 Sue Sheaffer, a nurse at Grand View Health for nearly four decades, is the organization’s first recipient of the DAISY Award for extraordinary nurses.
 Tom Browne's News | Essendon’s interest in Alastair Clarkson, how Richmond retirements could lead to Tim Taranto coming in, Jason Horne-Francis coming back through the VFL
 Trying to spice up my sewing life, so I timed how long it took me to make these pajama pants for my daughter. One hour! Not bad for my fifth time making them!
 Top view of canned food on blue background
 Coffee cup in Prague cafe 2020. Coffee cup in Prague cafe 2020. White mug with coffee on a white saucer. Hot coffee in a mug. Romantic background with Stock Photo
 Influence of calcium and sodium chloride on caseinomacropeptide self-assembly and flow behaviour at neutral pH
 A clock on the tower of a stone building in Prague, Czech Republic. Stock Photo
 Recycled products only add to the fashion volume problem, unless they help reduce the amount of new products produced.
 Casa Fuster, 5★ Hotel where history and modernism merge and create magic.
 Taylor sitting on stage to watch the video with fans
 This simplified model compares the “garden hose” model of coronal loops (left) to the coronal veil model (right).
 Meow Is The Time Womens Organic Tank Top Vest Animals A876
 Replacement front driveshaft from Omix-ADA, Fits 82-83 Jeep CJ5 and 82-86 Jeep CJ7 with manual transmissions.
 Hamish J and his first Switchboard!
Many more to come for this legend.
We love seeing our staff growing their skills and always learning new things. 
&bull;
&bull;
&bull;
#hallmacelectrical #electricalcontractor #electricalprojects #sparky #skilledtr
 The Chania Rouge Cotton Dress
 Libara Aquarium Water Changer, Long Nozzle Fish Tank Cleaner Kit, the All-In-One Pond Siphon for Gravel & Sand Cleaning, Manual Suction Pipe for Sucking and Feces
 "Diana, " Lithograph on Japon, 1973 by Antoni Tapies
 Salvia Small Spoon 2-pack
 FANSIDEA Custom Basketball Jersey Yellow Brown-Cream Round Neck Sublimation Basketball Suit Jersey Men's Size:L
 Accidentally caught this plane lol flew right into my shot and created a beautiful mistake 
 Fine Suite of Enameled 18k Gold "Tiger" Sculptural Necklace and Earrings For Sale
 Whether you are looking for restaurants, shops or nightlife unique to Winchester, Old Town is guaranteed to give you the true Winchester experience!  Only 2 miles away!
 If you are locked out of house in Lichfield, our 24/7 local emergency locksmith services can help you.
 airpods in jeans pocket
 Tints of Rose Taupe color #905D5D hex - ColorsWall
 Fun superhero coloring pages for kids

========

The data above is to be restated line for line, word for word.

 Sue Sheaffer, a nurse at Grand View Health for nearly four decades, is the organization’s first recipient of the DAISY Award for extraordinary nurses.
 Tom Browne's News | Essendon’s interest in Alastair Clarkson, how Richmond retirements could lead to Tim Taranto coming in, Jason Horne-Francis coming back through the VFL
 Trying to spice up my sewing life, so I timed how long it took me to make these pajama pants for my daughter. One hour! Not bad for my fifth time making them!
 Top view of canned food on blue background
 Coffee cup in Prague cafe 2020. Coffee cup in Prague cafe 2020. White mug with coffee on a white saucer. Hot coffee in a mug. Romantic background with Stock Photo
 Influence of calcium and sodium chloride on caseinomacropeptide self-assembly and flow behaviour at neutral pH
 A clock on the tower of a stone building in Prague, Czech Republic. Stock Photo
 Recycled products only add to the fashion volume problem, unless they help reduce the amount of new products produced.
 Casa Fuster, 5★ Hotel where history and modernism merge and create magic.
 Taylor sitting on stage to watch the video with fans
 This simplified model compares the “garden hose” model of coronal loops (left) to the coronal veil model (right).
 Meow Is The Time Womens Organic Tank Top Vest Animals A876
 Replacement front driveshaft from Omix-ADA, Fits 82-83 Jeep CJ5 and 82-86 Jeep CJ7 with manual transmissions.
 Hamish J and his first Switchboard!
Many more to come for this legend.
We love seeing our staff growing their skills and always learning new things. 
&bull;
&bull;
&bull;
#hallmacelectrical #electricalcontractor #electricalprojects #sparky #skilledtr
 The Chania Rouge Cotton Dress
 Libara Aquarium Water Changer, Long Nozzle Fish Tank Cleaner Kit, the All-In-One Pond Siphon for Gravel & Sand Cleaning, Manual Suction Pipe for Sucking and Feces
 "Diana, " Lithograph on Japon, 1973 by Antoni Tapies
 Salvia Small Spoon 2-pack
 FANSIDEA Custom Basketball Jersey Yellow Brown-Cream Round Neck Sublimation Basketball Suit Jersey Men's Size:L
 Accidentally caught this plane lol flew right into my shot and created a beautiful mistake 
 Fine Suite of Enameled 18k Gold "Tiger" Sculptural Necklace and Earrings For Sale
 Whether you are looking for restaurants, shops or nightlife unique to Winchester, Old Town is guaranteed to give you the true Winchester experience!  Only 2 miles away!
 If you are locked out of house in Lichfield, our 24/7 local emergency locksmith services can help you.
 airpods in jeans pocket
 Tints of Rose Taupe color #905D5D hex - ColorsWall
 Fun superhero coloring pages for kids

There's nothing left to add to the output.